Scrambled
February 07, 2010
I've been reading lots of reviews and blog posts certifying Mass Effect 2 as the future of RPGs. It fixes what's wrong with the genre and sends designers of backward-looking games scrambling to the drawing board. It represents, as several notable outlets have noted, the future of storytelling in games and a lesson in how to do narrative games right.
I'm going to play contrarian here, but first let me say I think Mass Effect 2 largely earns the lavish praise heaped upon it. It's an exceptionally fine game with fabulous production values, and I've enjoyed just about every minute I've spent playing it. I'm not quibbling with the hype. Not much anyway.
I'm troubled by the mentality that games exist to invalidate other games; that the most effective measure of a game's value is its ability to surpass or trump other games that preceded it. Among its many praiseworthy aspects, Mass Effect 2's success as a kind of refutation of other games is considered an especially noteworthy achievement.
The problem with this line of reasoning is that it mistakes streamlining for refinement. It assumes the fiddly RPG elements the game eliminates are vestiges of outmoded design. It presumes that frequent skirmishes and action-based gameplay are more fun or engaging than the strategic RPG elements they replace. It assumes that a dialogue-tree system of interactions enables a more sophisticated form of player agency. None of these assumptions are incontestably true.
I'm not suggesting ME2 lacks refinements. As an iteration on the original game, ME2 is chock-full of mechanical, interface, and visual upgrades. As many have noted, its shooting and cover system is vastly improved from ME1, and Bioware seems to have learned from its mistakes in this regard. ME2 improves on ME1 in all sorts of useful ways, and that's a good and praiseworthy thing.
But when we discuss Mass Effect 2 as the game to finally shatter RPG genre limits and chart a new narrative path, I think we project too much on a game that exchanges some limits for others. I want meaningful interactions with my environment, not pop-up notices for glowing blue frames. I want dialogue unbound by a nice/naughty/neutral triad. I want to do trivial things. I want lower stakes. I want to play a game that doesn't insist the future depends on me. I want a game that defines role-playing more broadly than dialogue choices. I want a game that won't insist my actions and movements (what I do, not what I say) are merely bridges to the next fight.
I'm not suggesting ME2 is a bad game because it fails to meet those expectations. On the contrary, I think it's a terrific game. I'm merely pointing out that while ME2 is unquestionably a high peak, there are plenty of other mountains worth climbing.
It's useful to consider how ME2 succeeds as a well produced RPG that elevates certain genre elements, and de-emphasizes others.

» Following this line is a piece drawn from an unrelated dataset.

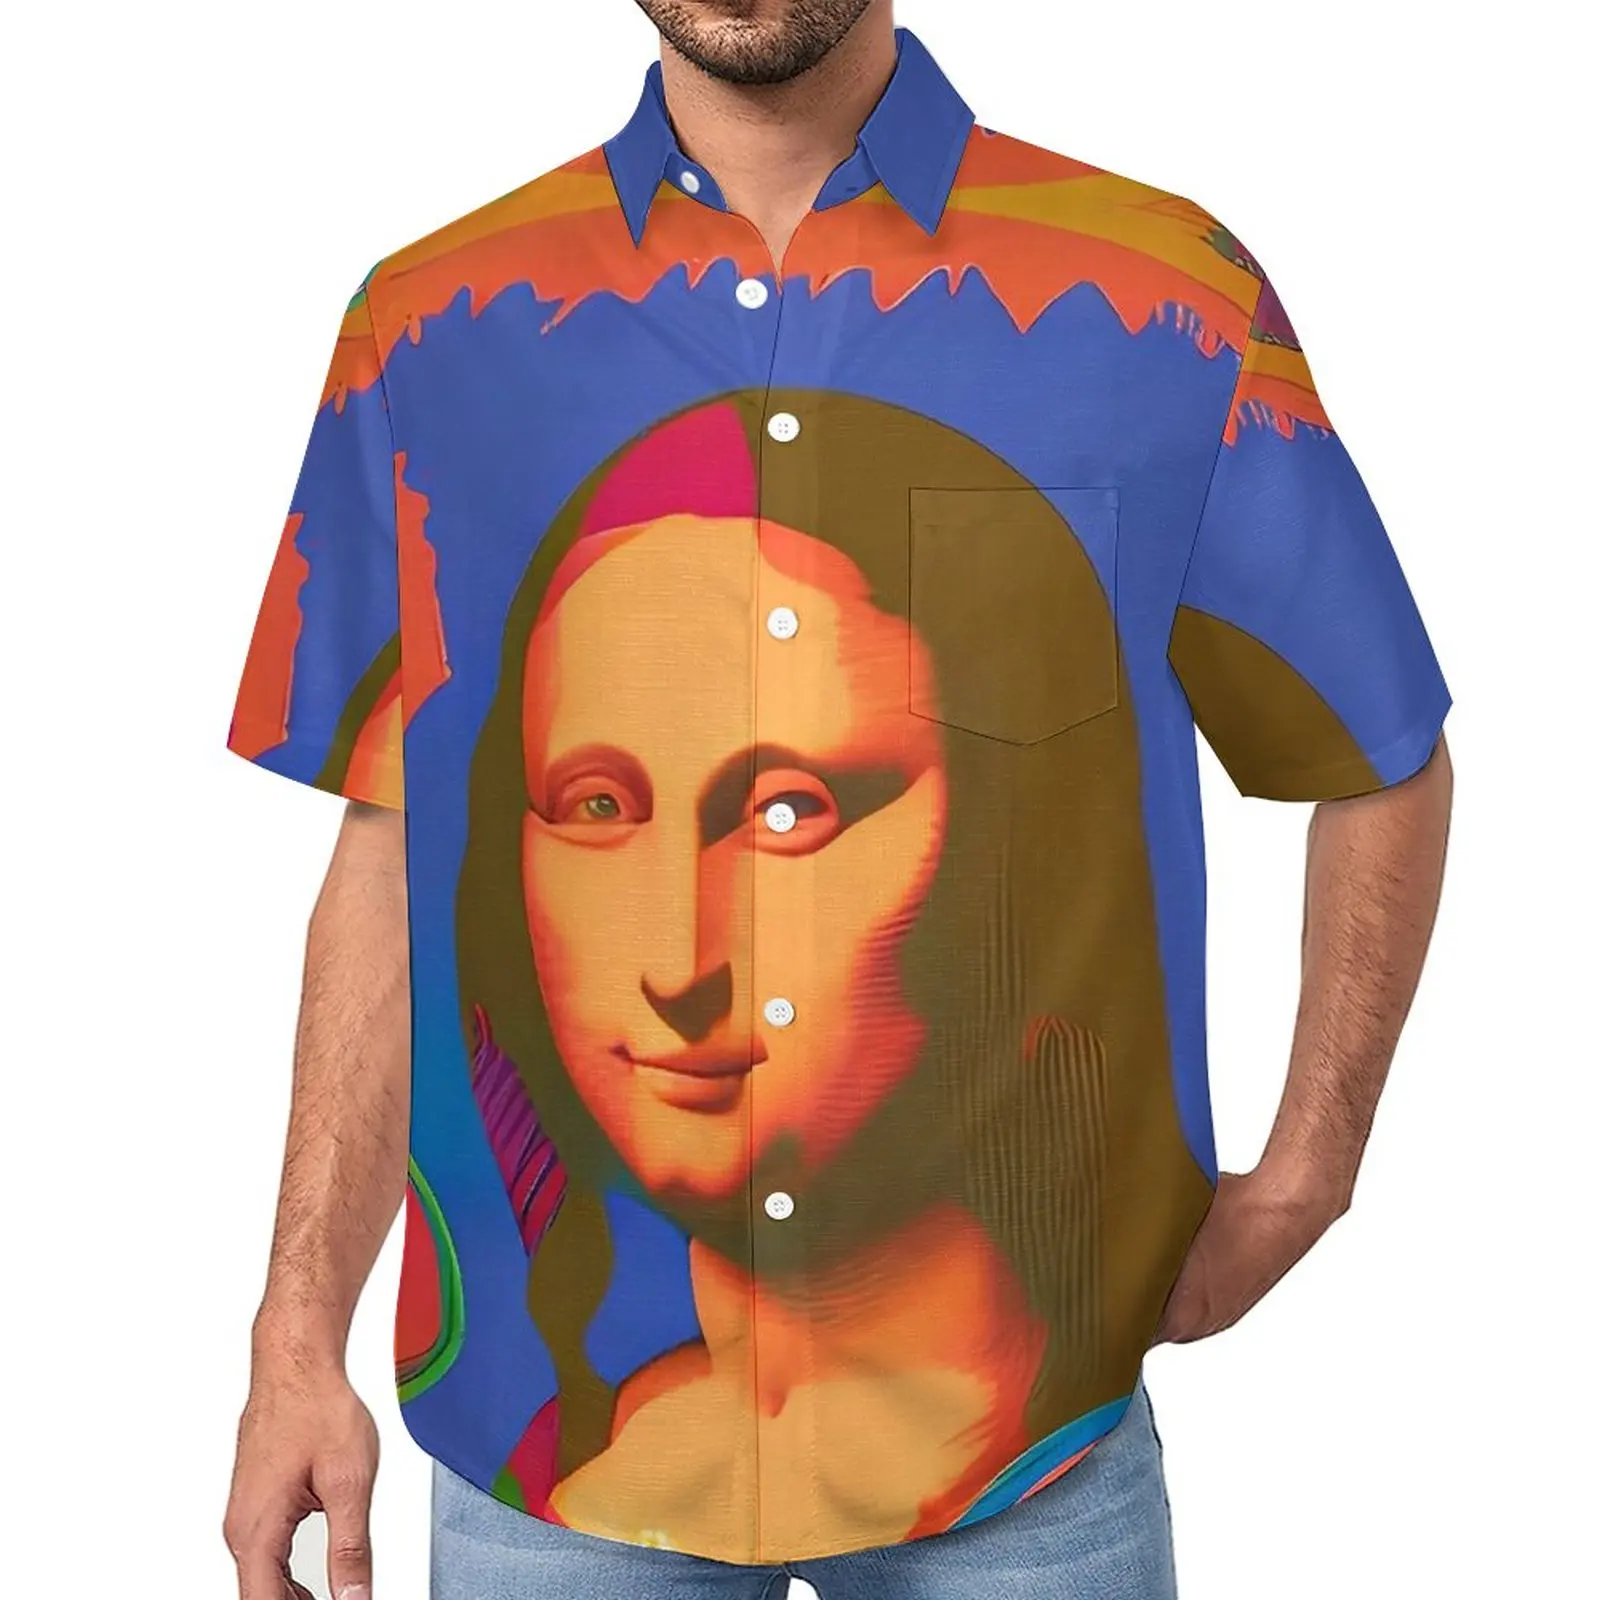 

Мужские блузки Mona Lisa, цветные повседневные рубашки в гавайском стиле с коротким рукавом, стильная пляжная рубашка большого размера, подарок на день рождения

But Bioware is up to more than simply rearranging the RPG furniture here. ME2 is a canny scramble of storytelling and game design highlights from previous Bioware games, Gears of War, Star Trek/Wars/Galactica, and The Magnificent Seven, among other influences.
What Bioware has accomplished with ME2 is less about refining the RPG or blazing a new narrative trail than about distilling and mashing up stuff that works from other sources. ME2 is a tantalizing cocktail of action, adventure, sci-fi, RPG, and shooter ingredients, poured into in a big cinematic shaker.
Bioware knows what we who write about games ought to know better. Genre classifications are essentially meaningless, and it's time to drop them and move on. Three of the best games I've played in the last year - Mass Effect 2, Demon's Souls, and Shin Megami Tensei: Devil Survivor are all classified as RPGs, even though they actually have very little in common. On the other hand, IGN may classify MLB 09 as a "sports game," but I say it has more in common with Mass Effect 2 than Mario Baseball. More than ever, genre categories seem like arbitrary labels we apply to games so they can be properly shelved.
And, of course, the scramble extends beyond games. It's the Judd Apatow Effect. Inject moribund romantic comedy genre with lowbrow buddy-movie humor to create slacker-striver films with male and female box office appeal. It's Robert Plant and Alison Krauss; it's MMA; it's the Subaru Outback; it's Elton John and whatever flavor-of-the-week artist the Grammys pair him with.
It's the inevitable trajectory. For better or worse, we like our entertainment scrambled. Sometimes it doesn't work, and sometimes - as Mass Effect 2 skillfully illustrates - it does.